I’m interested in the ways that games, game studies, libraries, digital humanities, and liberal arts curriculum intersect, even though I’m not always completely sure how they intersect, especially from a pedagogical perspective.  I noticed the official, legal definition of “humanities” linked to on the THATCamp SE blog, and games is not explicitly listed among the disciplines humanistic scholars study, even though games definitely lead us to ask questions about language, history, ethics, etc.

I also realize that there is already a ton of great work in the THATcamp community on games going on (indeed, if this is truly my interest I may have signed up for the wrong THATcamp!).  Still, I would welcome some more discussions about games, humanities, liberal arts education, and libraries at this (un)conference for a few reasons.

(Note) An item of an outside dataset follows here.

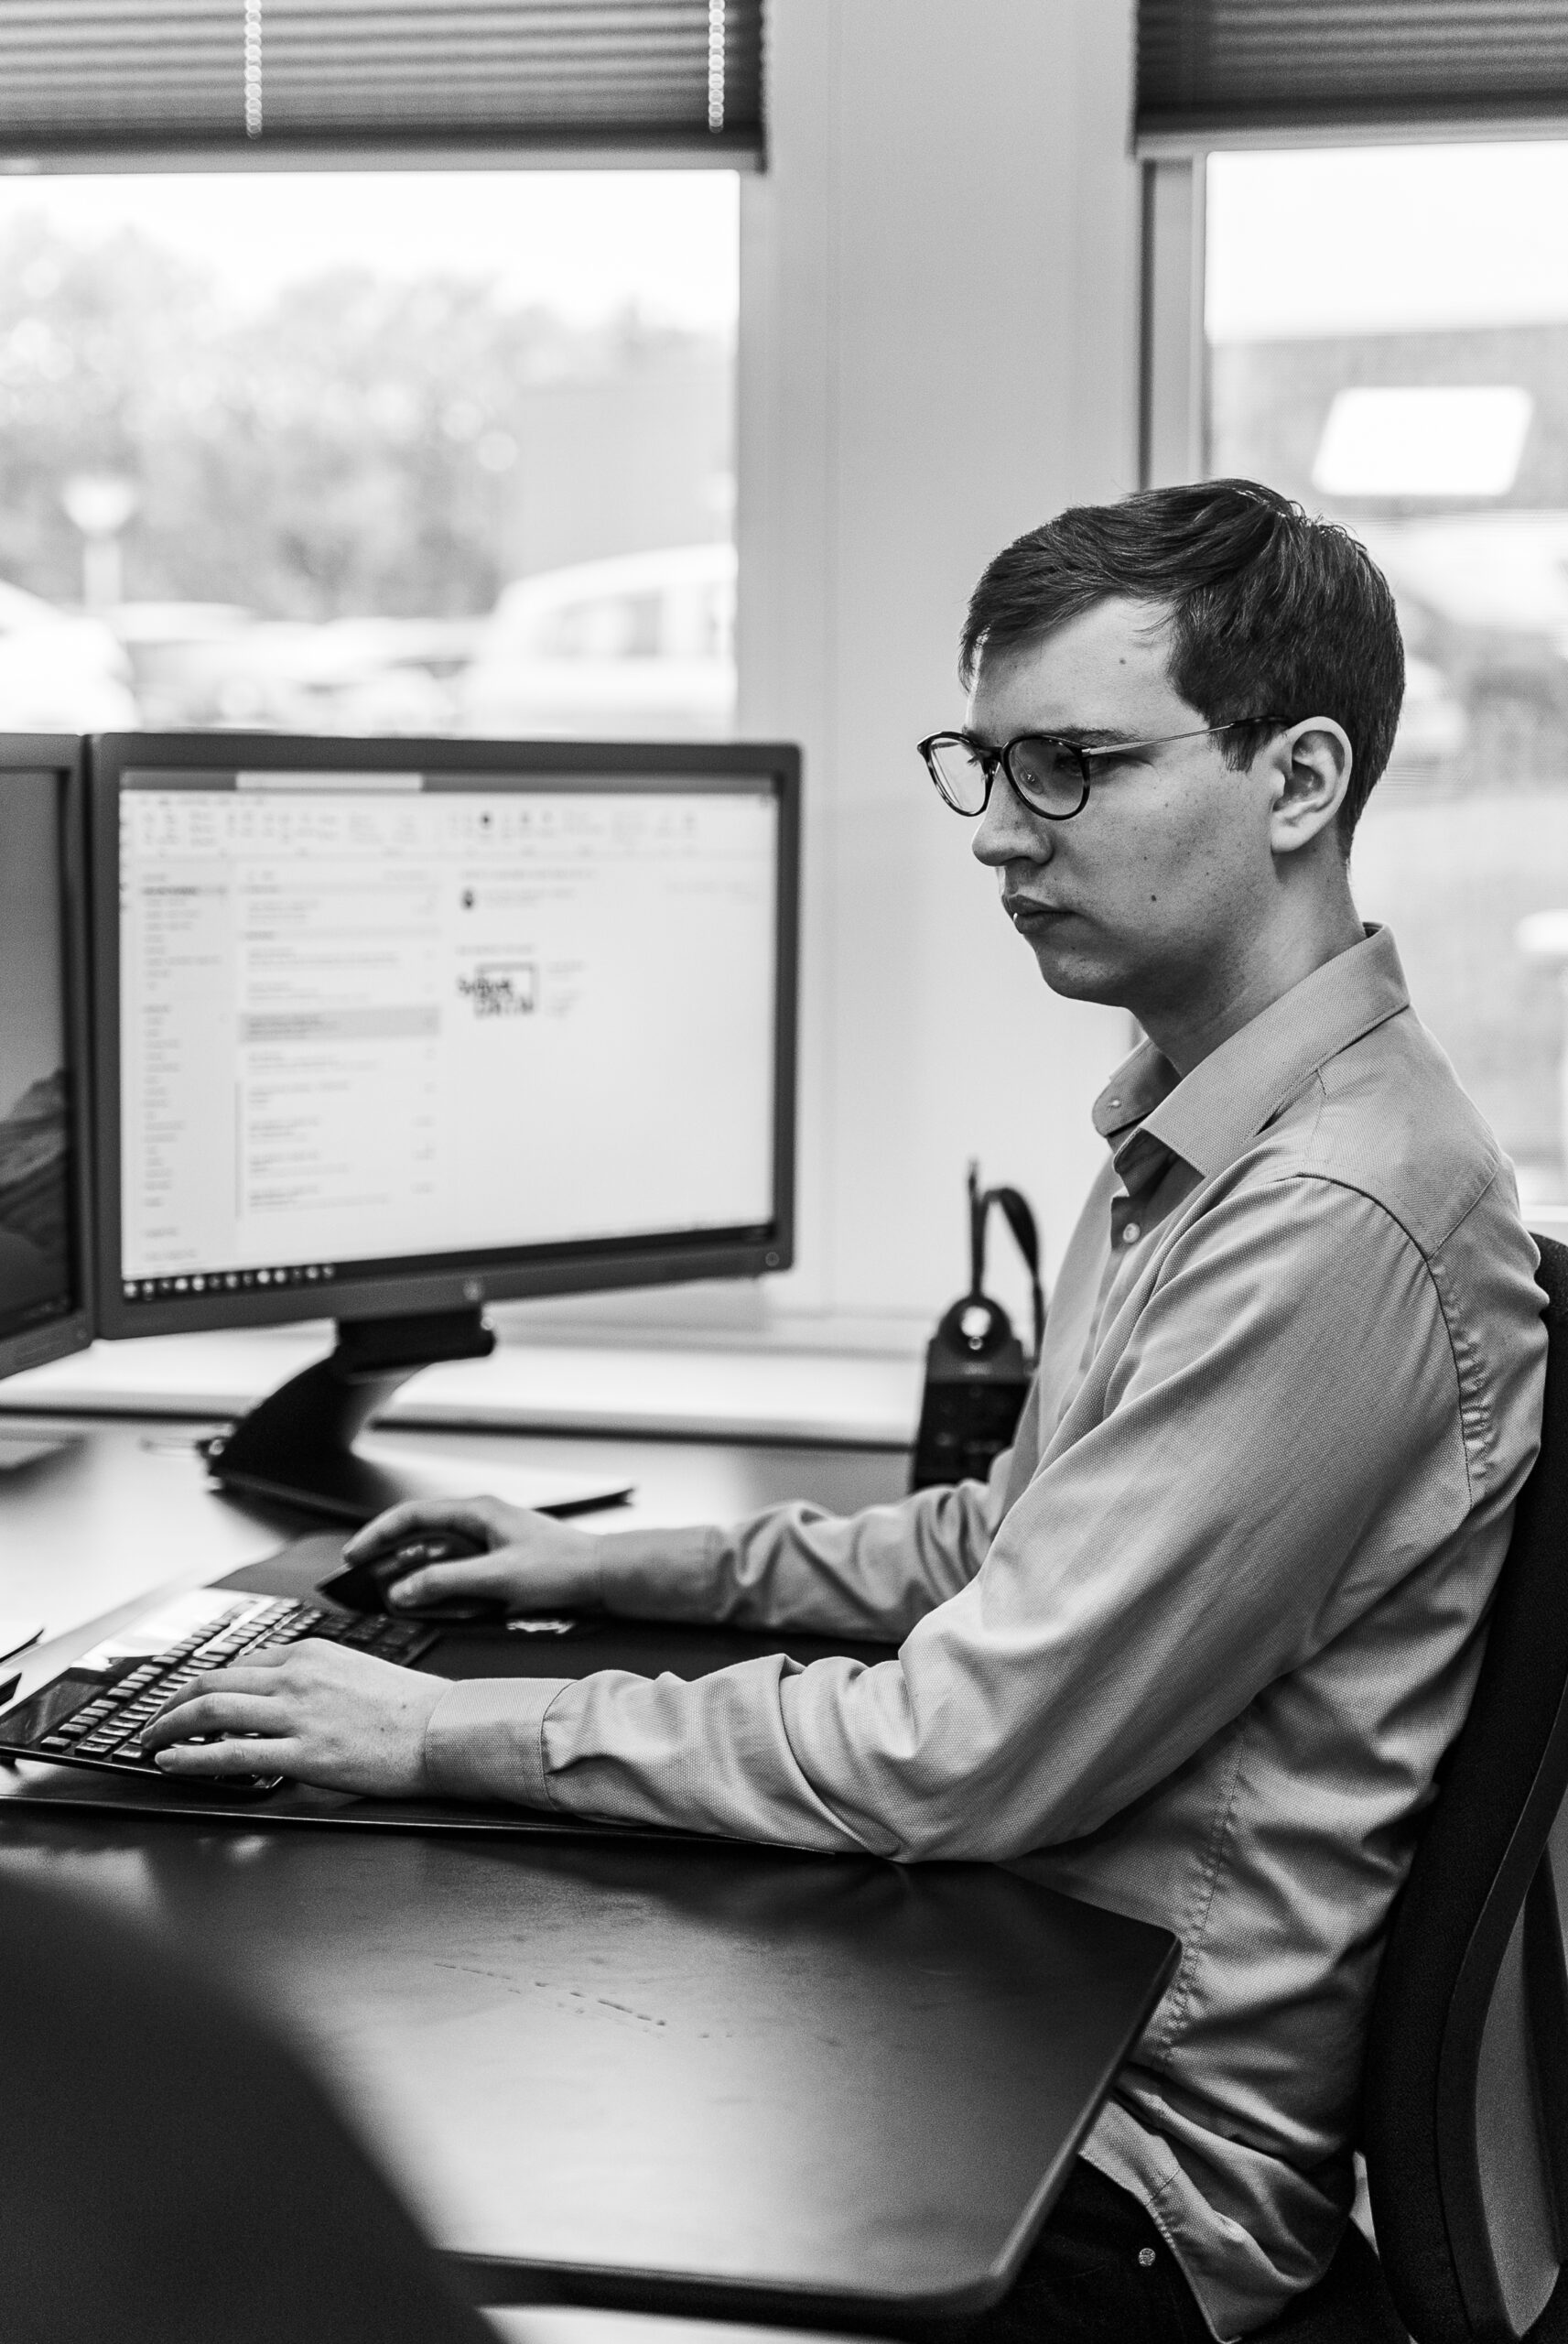 Mand, der sidder og arbejder ved computer med outlook åbent, som er et af Microsoft 365 produkterne

First, my institution, the University of Montevallo, has a strong commitment to the liberal arts as a foundation for an education leading to “meaningful employment and responsible, informed citizenship.”  Second, one of our newest curricular expansions is the addition of a Game Studies minor.  There are many interdisciplinary conversations about games happening on our campus, and these include gaming and information literacy, or as I like to think of it more broadly, gaming and preparing for life in a participatory democracy.  In the past year, our library has hosted several gaming events at our library, which have been part of the ALA’s National Gaming Day @ your library events.

I was also compelled by a round-table panel this past summer at the New York Public Library called “Digital Humanities and the Future of Libraries.”  A video of the event is on the NYPL page.  Most applicable is Kari Kraus’s talk, which begins around the 18 minute mark.

Kraus claims that the figure of the gamer shadows nearly all groundbreaking digital preservation work that happens today.  I think the implications of this statement are worth discussing.

Some of the questions I have in mind are:

  • What role do libraries play in preserving games as a part of the cultural record, and how should libraries go about this?
  • What other models for preserving games as a tool to teach from a humanities perspective exist?
  • How can we preserve, annotate, and document games and game play to emphasize ways of knowing, learning, and participating in society?